Namespace DotCompute.Backends.CUDA.Memory

Classes

CudaAsyncMemoryManagerAdapter: Adapter that wraps CudaMemoryManager for async operations. Bridges the CUDA memory manager with the unified memory interface.

CudaContextMemoryManager: CUDA context-specific memory manager wrapping CudaMemoryManager

CudaMemoryBuffer: Represents a CUDA memory buffer allocated on the GPU device.

CudaMemoryBuffer<T>: Represents a generic CUDA memory buffer allocated on the GPU device.

CudaMemoryManager: High-performance CUDA device memory manager with automatic pooling and unified memory support.

CudaMemoryOrderingProvider: CUDA-specific implementation of memory ordering primitives.

CudaMemoryPoolManager: Manages memory pools for efficient allocation and reuse of CUDA memory. Reduces allocation overhead and memory fragmentation.

CudaMemoryPrefetcher: Manages memory prefetching for unified memory to optimize data movement. Uses cudaMemPrefetchAsync to proactively move data between host and device.

CudaPinnedMemoryAllocator: Manages pinned (page-locked) host memory for high-bandwidth transfers.
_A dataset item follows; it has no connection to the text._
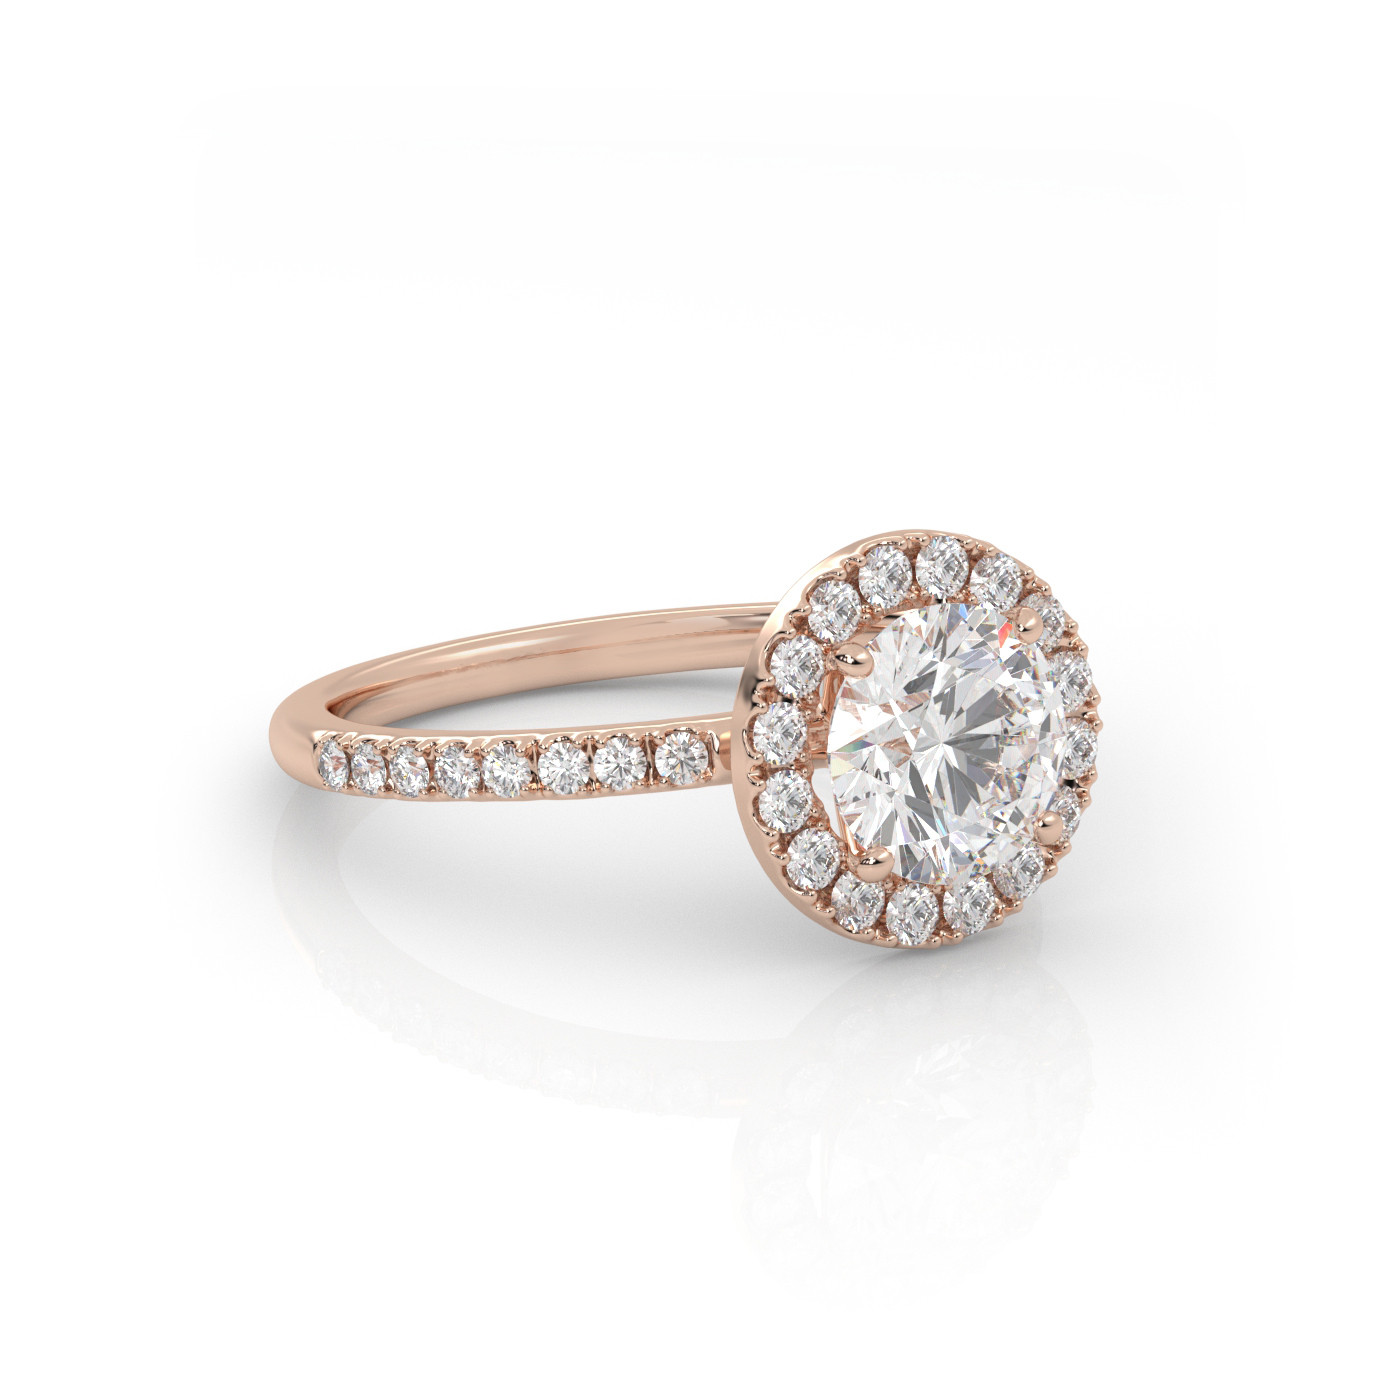 18K ROSE GOLD Round Cut Diamond Engagement Ring with Halo and Pave style

Pinned memory provides up to 10x bandwidth improvement (20GB/s vs 2GB/s).

CudaRawMemoryBuffer: Raw untyped CUDA memory buffer for byte-level operations.

MemoryPoolStatistics: Statistics for memory pool usage.
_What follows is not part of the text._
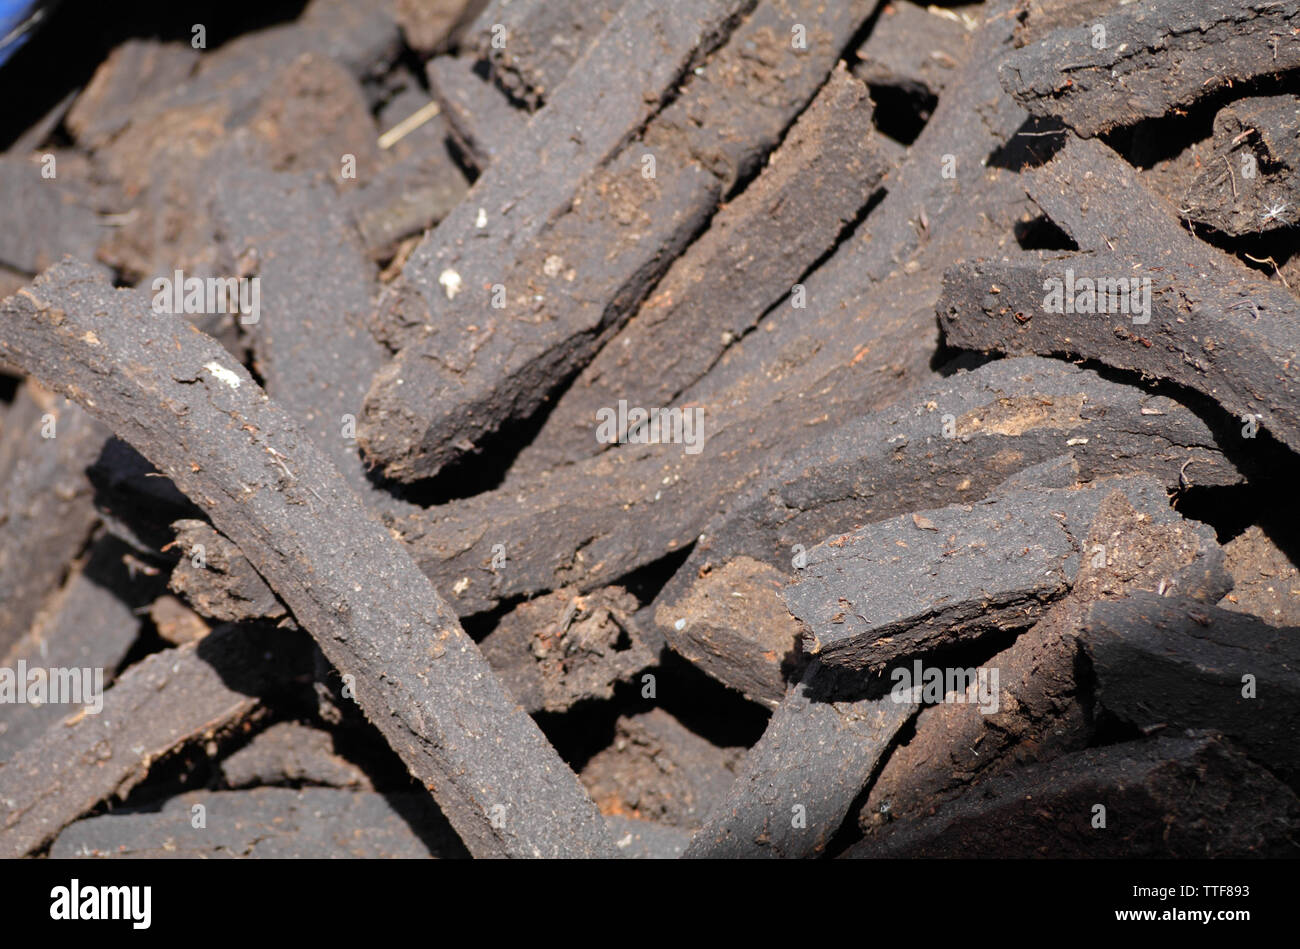 Milled peat briquettes in a small rural farm County Westmeath, Leinster Province, Ireland Stock Photo

OptimizedCudaMemoryPrefetcher

Advanced CUDA memory prefetcher with intelligent pattern recognition:

Predictive prefetching based on access patterns
Multi-level prefetch strategies (L1, L2, global memory)
Adaptive prefetch distance based on bandwidth utilization
NUMA-aware prefetching for multi-GPU systems
Asynchronous prefetch operations with minimal overhead
Cache pollution avoidance with smart eviction policies Target: 30-50% improvement in memory-bound kernel performance

PinnedMemoryStatistics: Statistics for pinned memory usage.

PoolSizeStatistics: Statistics for a specific pool size.

PrefetchRequest: Request for batch prefetch operation.

PrefetchStatistics: Statistics for prefetch operations.

PrefetcherConfiguration: Configuration for the memory prefetcher.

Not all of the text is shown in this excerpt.